Stefan Johansson sjohanss at openjdk.org
Thu Feb 8 11:07:00 UTC 2024


On Wed, 31 Jan 2024 16:42:16 GMT, Zdenek Zambersky <zzambers at openjdk.org> wrote:

>> **Problem:**
>> When THP is enabled, JDK reads `/sys/kernel/mm/transparent_hugepage/hpage_pmd_size` file to [detect](https://github.com/openjdk/jdk/blob/96607df7f055a80d56ea4c19f3f4fcb32838b1f8/src/hotspot/os/linux/hugepages.cpp#L206) large page size. However this file only [appeared](https://github.com/torvalds/linux/commit/49920d28781dcced10cd30cb9a938e7d045a1c94) in kernel 4.10 and does not exist on kernel old kernels (such as 3.10 used by RHEL-7).
>> 
>> This results in detected large page size of 0B and crash, when `-XX:+UseTransparentHugePages` is used on old kernel.
>> 
>> gdb --args jdk-23+6/bin/java -XX:+UseTransparentHugePages -Xmx128m -Xlog:pagesize -version
>> ...
>> [0.005s][info][pagesize] Static hugepage support:
>> [0.005s][info][pagesize]   hugepage size: 2M
>> [0.005s][info][pagesize]   hugepage size: 1G
>> [0.005s][info][pagesize]   default hugepage size: 2M
>> [0.005s][info][pagesize] Transparent hugepage (THP) support:
>> [0.005s][info][pagesize]   THP mode: always
>> [0.005s][info][pagesize]   THP pagesize: 0B
>> [0.005s][info][pagesize] Shared memory transparent hugepage (THP) support:
>> [0.005s][info][pagesize]   Shared memory THP mode: unknown
>> [0.005s][info][pagesize] JVM will attempt to prevent THPs in thread stacks.
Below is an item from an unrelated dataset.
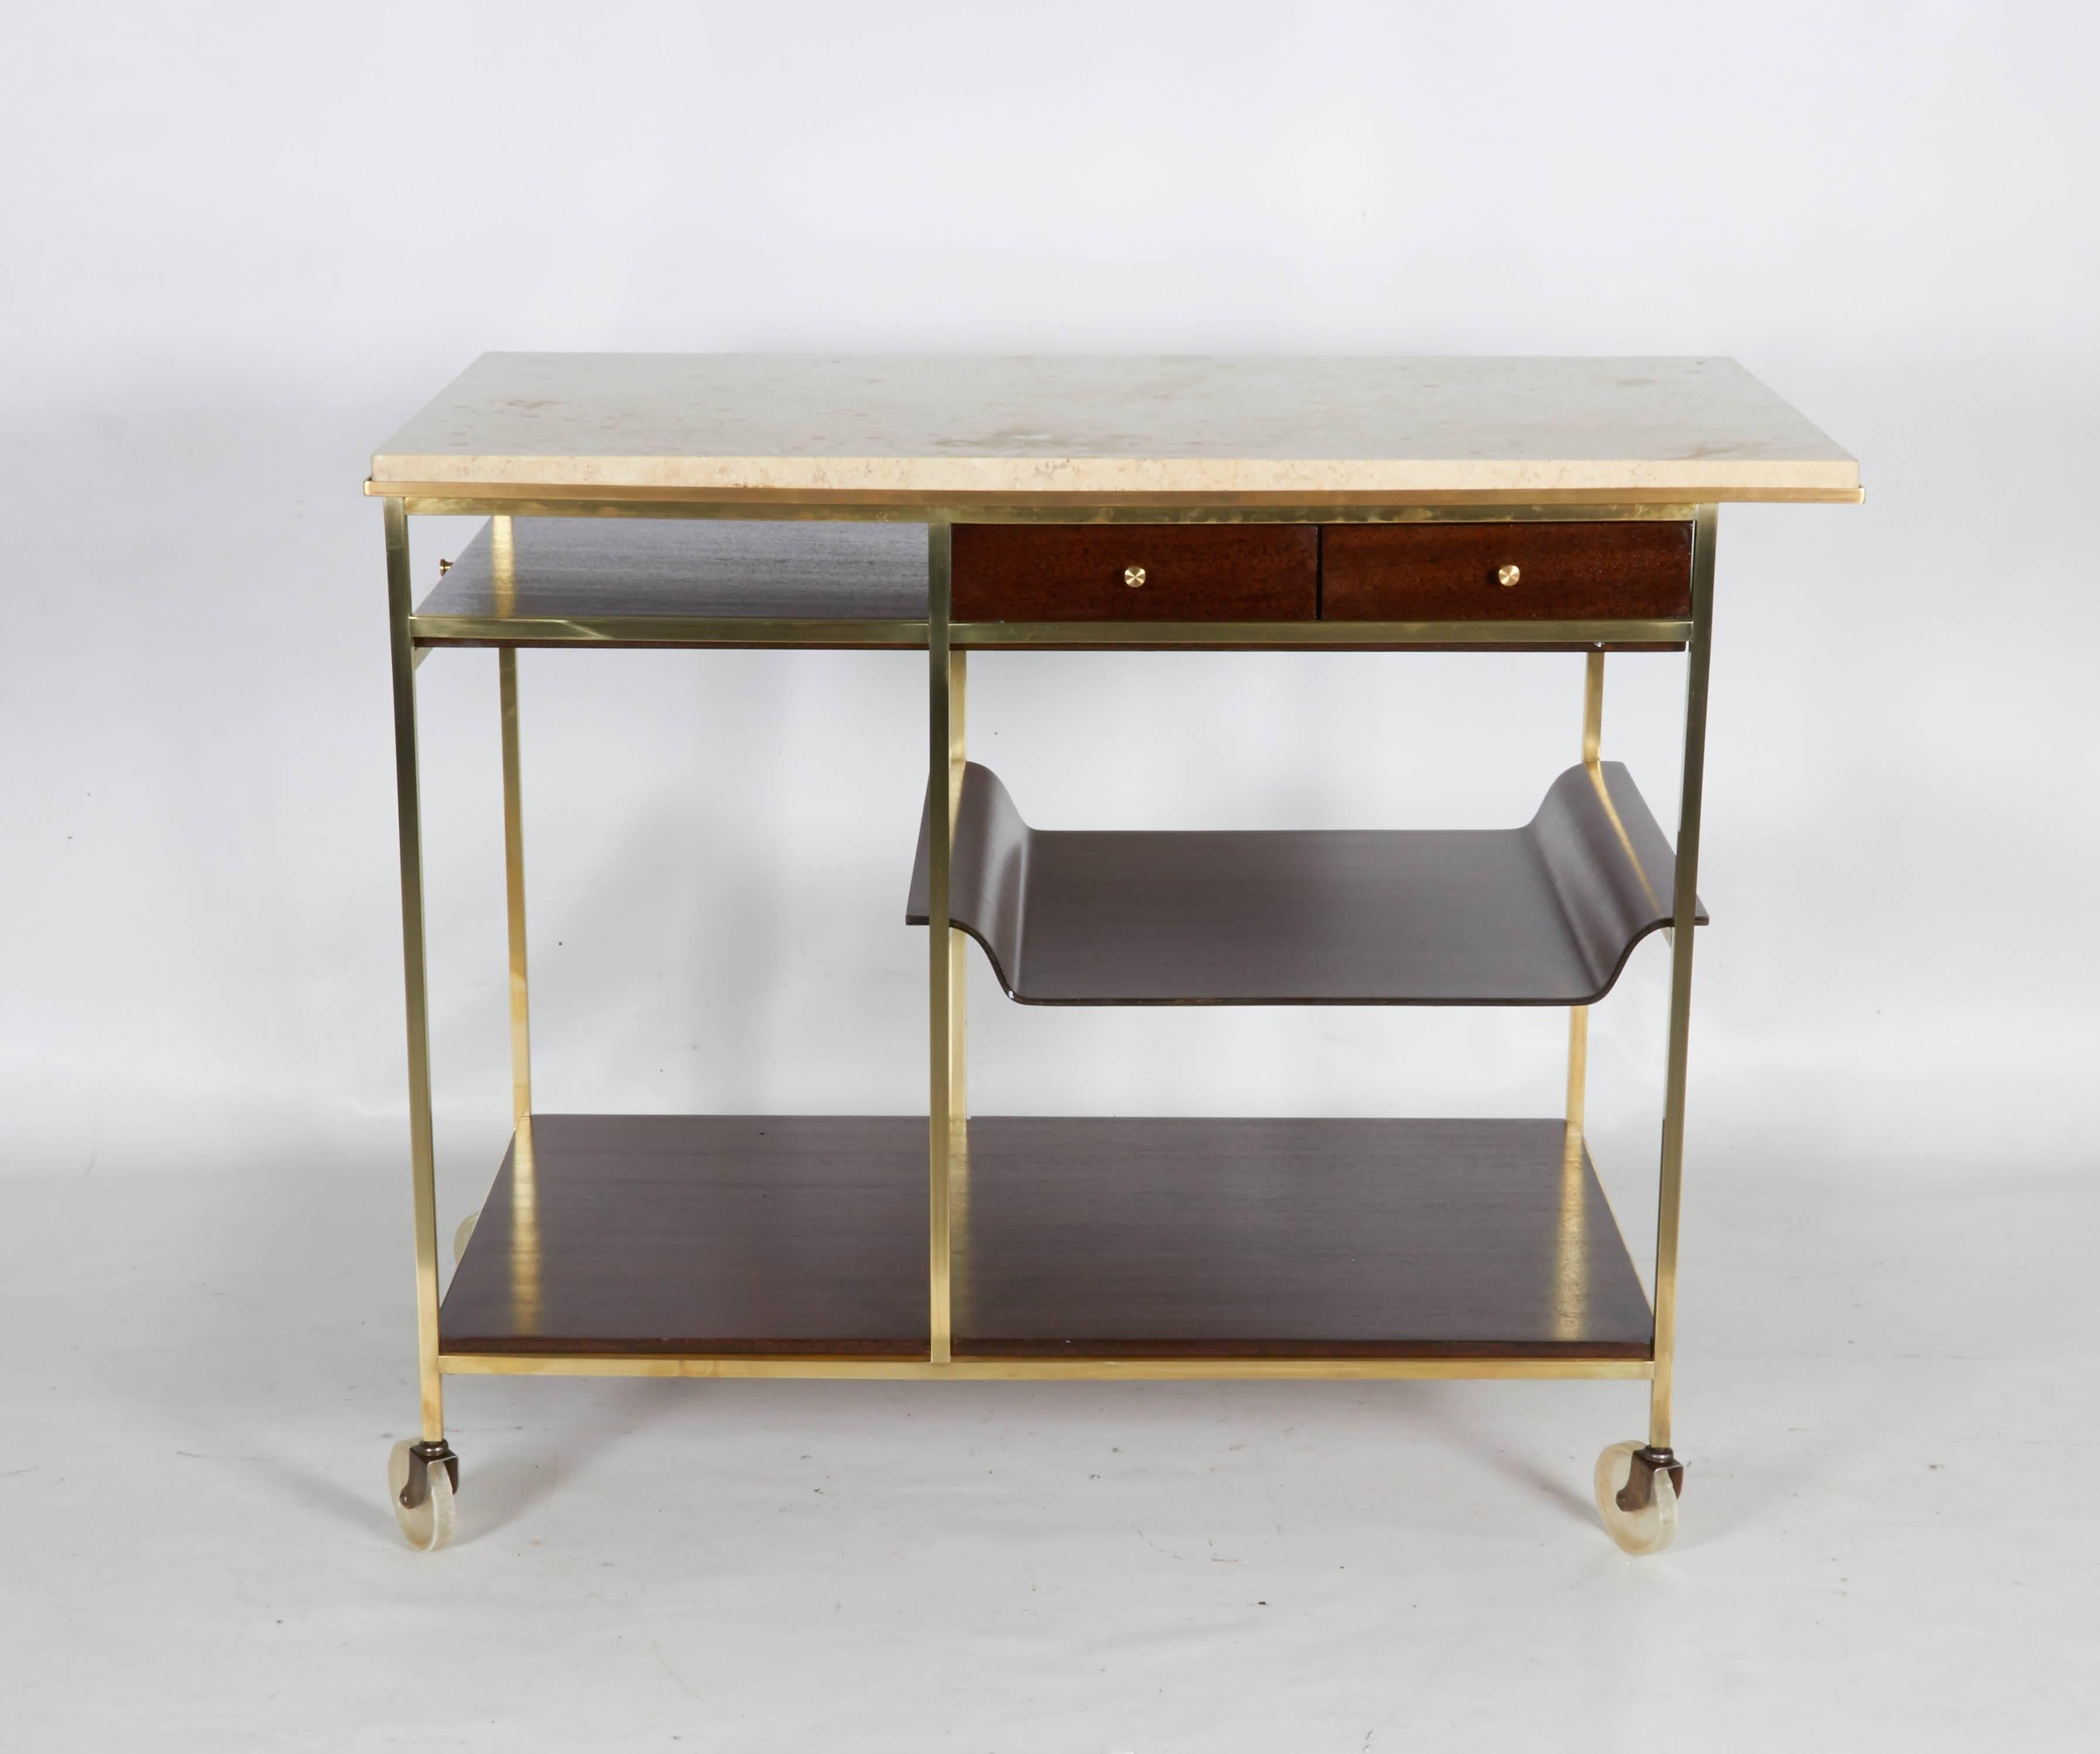 Very handsome and beautifully detailed bar or serving cart. The cart has its original travertine marble top. The structure is polished brass and the wood has been lacquered a rich, dark brown. It has both a pull out surface and a removable tray.

>> [0.005s][info][pagesize] UseLargePages=1, UseTransparentHugePages=1
>> [0.005s][info][pagesize] Large page support enabled. Usable page sizes: 4k. Default large page size: 0B.
>> 
>> Program received signal SIGFPE, Arithmetic exception.
>> [Switching to Thread 0x7ffff7fc2700 (LWP 31385)]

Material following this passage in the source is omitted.